Stonyhurst College is an internationally famous Roman Catholic independent school. It is situated on the Stonyhurst Estate, near Hurst Green in the Ribble Valley.
It was originally founded in 1593 in Saint-Omer in French to provide education for English Catholics at a time when they were suffering abuse and suppression at home. French oppression led to a move to Bruges in 1762 and to Liege in 1773.
In 1794, when Liege was under threat from the advancing French Revolutionary Army, the school was again forced to move. Its new home was the Stonyhurst estate in Lancashire. The land and buildings were donated by Thomas Weld of Lulworth, a former pupil of the school.
Stonyhurst Hall was in a bad state of repair when its new occupants arrived. Repairs were carried out and improvements made. Notable additions included St Peter’s Church, completed in 1835 and similar to King’s College Chapel in Cambridge.
In the 19th century the school developed a great reputation for scientific studies. An observatory built in 1838 was managed and operated by the priests at the school. It produced meteorological and astronomical data of such a high standard that it became one the Meteorological Office’s seven key stations when it was established in 1854.
Former pupils are referred to as OS (Old Stonyhurst). Famous and notable alumni of Stonyhurst College include:
- Alfred Austin – Poet Laureate 1896
- Arthur Conan Doyle – Author and creator of Sherlock Holmes
- Bill Cash – Conservative politician
- Bruce Kent – Peace activist (CND)
- Charles Clifford – New Zealand politician and first Speaker of the New Zealand House of Representatives
- Chris Morris – Comedian, actor, writer, and director (Four Lions, Brass Eye, The IT Crowd)
- Eduardo Lopez de Romana – President of Peru 1899 – 1903
- Frank Foley – British spy known for his role in helping Jewish families escape from Nazi Germany (the ‘British Schindler’)

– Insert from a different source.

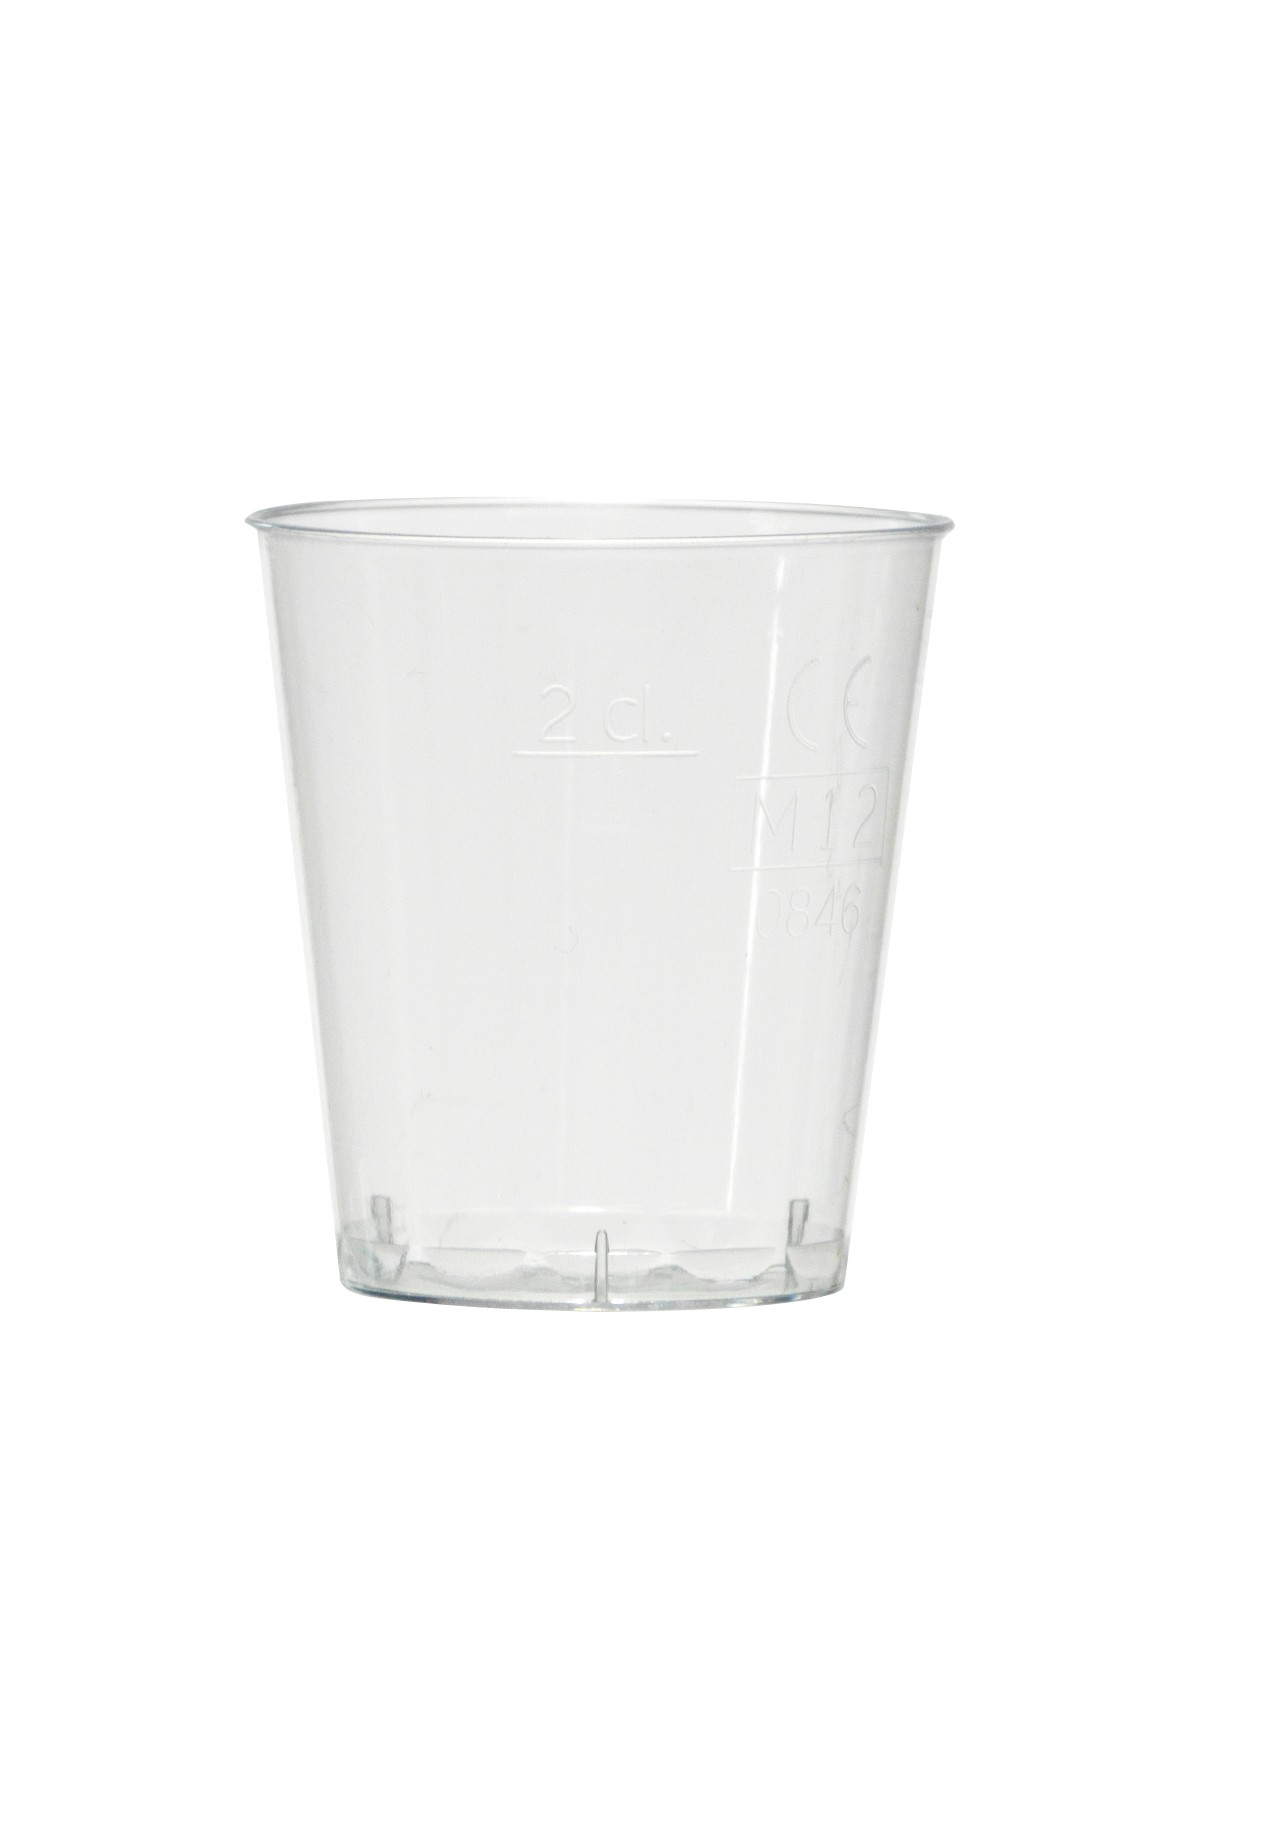 VERRINE PLASTIQUE PAS CHER 3cl

- Frederick Weld – Premier of New Zealand 1864 – 1865
- Henry McGee – Actor famous for his role in The Benny Hill Show
- Iain Balshaw – English professional rugby player
- Joe Ansbro –Scottish professional rugby player
- Joseph Cyril Bamford – Founder of JCB
- Mark Thompson – Chief Executive of Channel 4, Director-General of the BBC, CEO of the New York Times
- Patrick Baladi – Actor best know for playing Neil Godwin in The Office
In 1939 Tolkien’s son, John Tolkien, went to the English College in Rome to study to be a priest. In 1940, Italy’s entry into World War II led to the college temporarily relocating to Stonyhurst College.
JRR Tolkien regularly visited his son during his time at Stonyhurst. Large parts of The Lord of the Rings were written here. A popular local walk is named after him.
Museum and Open Days
Stonyhurst College claims to be home to the oldest museum in the English-speaking world. Items in its collection date back to 1609.
The museum is open to the public at weekends in the summer holidays. Check the official website for dates and opening times (link in the information box at the end of this page).
Items in the museum’s impressive collection include:
- The school desk used by Arthur Conan Doyle
- The table on which Oliver Cromwell slept before the Battle of Preston
- Painting and drawings by notable artists including Rembrandt and Turner
- Photographs by photography pioneer Roger Fenton
- An Egyptian mummy
- A rare first edition of the works of William Shakespeare
Not all items are always on display.
Guided tours are also available.
Visitors can see Stonyhurst College without entering the museum. A public road runs through its grounds. Many of the buildings can be seen from the road.
The Tolkien Trail walk also passes through the grounds. Sights on the walk include Stonyhurst College, the school’s playing fields and cricket pavilion, the Stonyhurst Observatory, Woodfields (houses used for staff accommodation), and Hodder Place (formerly the preparatory school).
The official postcode of Stonyhurst College is BB7 9PZ. However, the school recommends drivers with satellite navigation systems use the postcode BB7 9PX to find it.
The nearest railway station is Clitheroe.
The closest major train station is Preston. This is on the West Coast Main Line.
Services from this station include trains to Liverpool Lime Street, Glasgow Central, Blackpool North, Barrow-in-Furness, York, Edinburgh, Hazel Grove, London Euston, and Carlisle.